To our knowledge, this is the first meta-analysis of RCTs to evaluate the risk of IBD with DPP4i use. We used rigorous inclusion criteria to minimize misclassification bias and observed no association between DPP4i and IBD. The absolute IBD risk in the included trials was low; 21,868 patients had to be treated with DPP4i, over 2.3 years, to lead to one additional case of IBD. In contrast, only 12 T2D patients require treatment with DPP4i, over 2.1 years, for one patient to achieve the HbA1c <7% (53 mmol/mol) goal (5); thus, the potential benefits of DPP4i treatment appear to outweigh any associated IBD risk. However, while we identified no significant association between DPP4i and IBD, we acknowledge that this analysis may have been underpowered to detect such an association due to the limited number of included trials and events and the statistical imprecision of our effect estimates.

Several experimental studies have shown that DPP4i may decrease IBD activity through inhibition of T-cell proliferation and cytokine production and decrease IBD severity through the restoration of gut mucosal damage (6).

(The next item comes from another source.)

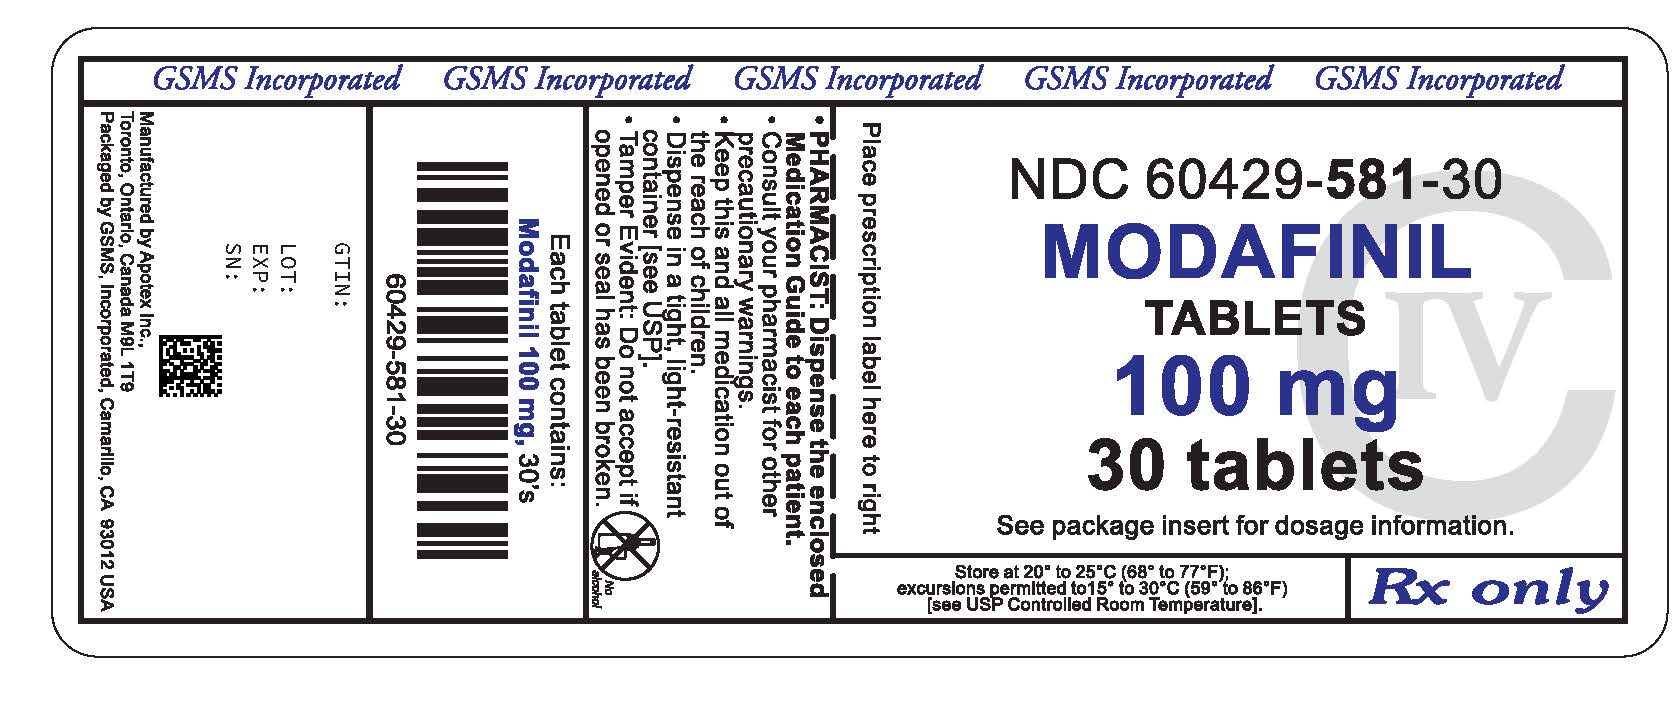 60429-581-30LB - MODAFINIL 100 MG TABLETS - CIV - REV JULY 2012 REV 5 PMG JULY 2012.jpg

However, human studies have reported lower DPP4 concentrations in tissue and plasma from patients with IBD versus healthy subjects, suggesting that lower DPP4 concentrations may be associated with higher IBD activity (6). Hypothesized mechanisms for this link might relate to DPP4’s immunoregulatory function, including signal transduction, chemotaxis, and T-cell activation (6). More work is needed to explore the association and possible mechanisms linking DPP4i and IBD.

In conclusion, our meta-analysis of 13 RCTs found no association between DPP4i use and IBD risk among T2D patients. However, given the relatively low number of trials and events as well as potential trial bias, we cannot definitively exclude the possibility of a weak association. Additional real-world studies are needed to investigate IBD risk among DPP4i users.

Acknowledgments. The authors thank Lulu Sun (School of Pharmaceutical Sciences, Peking University) for helping extract data from more trials when revising the manuscript.

Funding. M.J.C. is supported by a career development award from Veterans Affairs Health Services Research and Development (CDA 13-261).

Duality of Interest. No potential conflicts of interest relevant to this article were reported.

Author Contributions. G.L., M.J.C., H.T., J.Y.Y., and T.W. contributed to data interpretation. G.L. and H.T. identified and selected trials, extracted data, performed all data analyses, checked for statistical consistency, interpreted results, and drafted the report. H.T. and T.W. contributed to study idea conception and led the study design. All authors critically reviewed the report and saw and approved the submitted manuscript. G.L. and T.W. are the guarantors of this work and, as such, had full access to all the data in the study and take responsibility for the integrity of the data and the accuracy of the data analysis.